One of the featured artists in Sharing Honors and Burdens: Renwick Invitational 2023

A woman sits making art. White string goes diagonally across her face.

Catherine “Maggie” Thompson (Fond du Lac Ojibwe; born Minneapolis, MN, 1989; resides St. Paul, MN, with a studio in Minneapolis) is a textile artist and designer who derives inspiration from her Ojibwe heritage, family history, and the contemporary Native American experience. Thompson pushes the viewer’s understanding of textile art by combining photographs, found objects, stockings, beadwork, and more.
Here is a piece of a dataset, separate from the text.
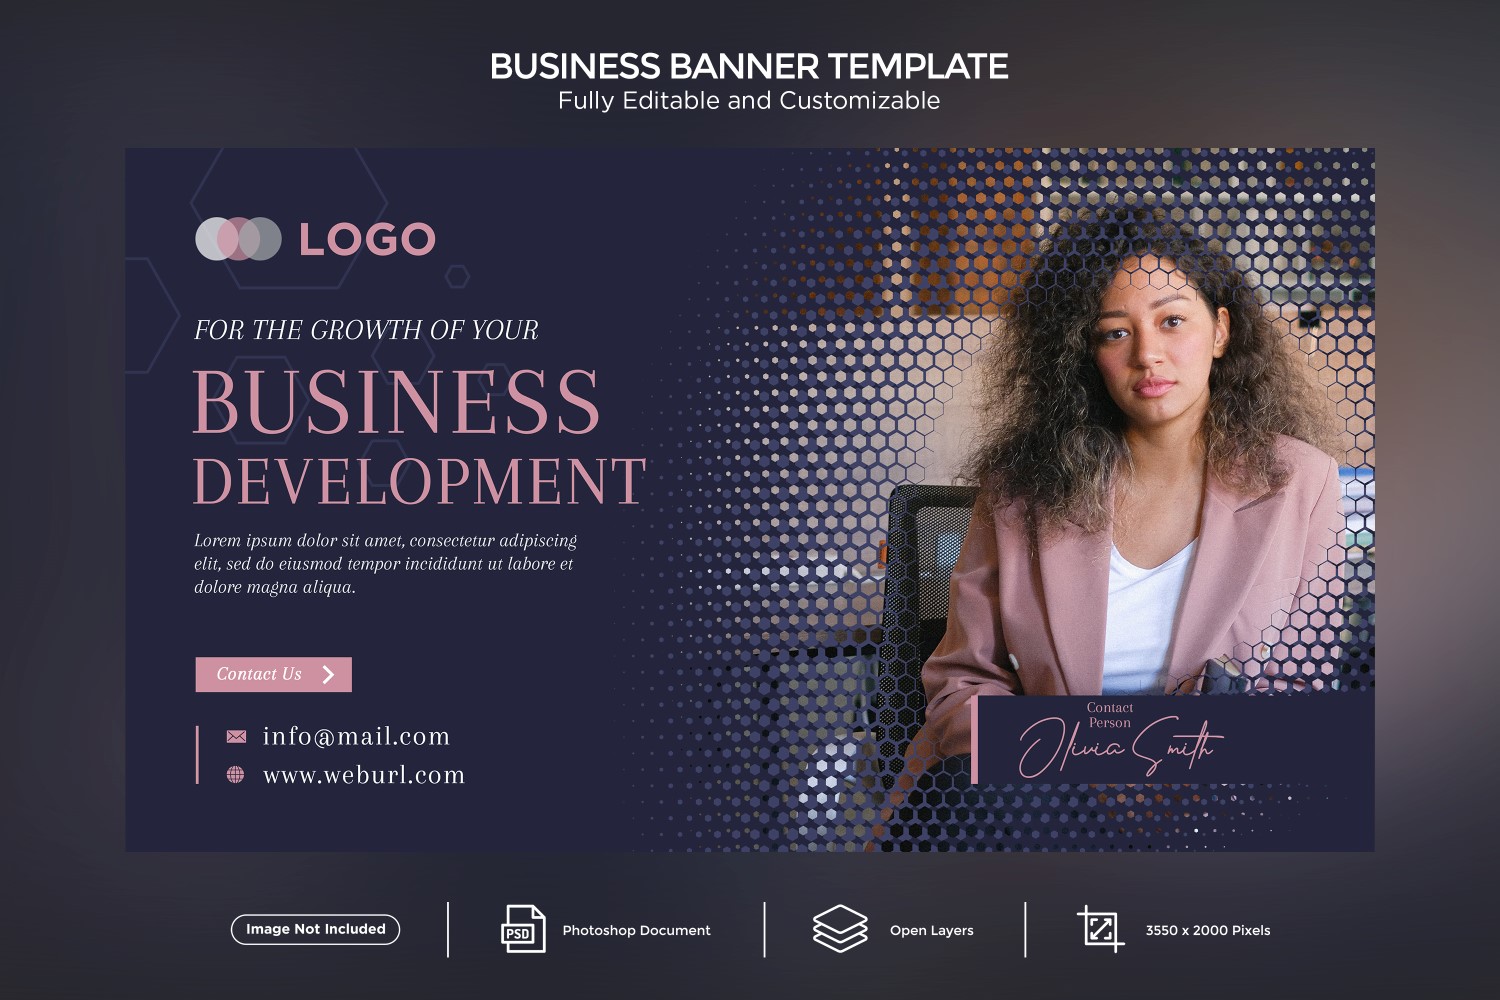 Business Development Banner Design Template.

Through large-scale work and installations, she brings form to emotional experiences and creates a visual way to process complex topics. 

 

Thompson received her BFA in textiles at the Rhode Island School of Design (RISD) in 2013. She had her first solo exhibition, Where I Fit, at All My Relations Gallery in Minneapolis in 2014. Since then, Thompson has exhibited at regional institutions such as the Minneapolis Institute of Art and the Plains Art Museum in Fargo, North Dakota. In 2015, she received support from the Minnesota State Arts Board Cultural Community Partnership Grant and the Native Arts and Cultures Foundation Regional Fellowship to create a body of work for her exhibit at the Minnesota Textile Center, On Borrowed Time, which explores themes of grief around her experience of losing her father. 

 

In addition to her fine arts practice, Thompson runs Makwa Studio, a small knitwear business based in Minneapolis. She is also an emerging curator of contemporary Native art and has worked on exhibitions at the Two Rivers Gallery, the McKnight Foundation, and the Minnesota Museum of American Art.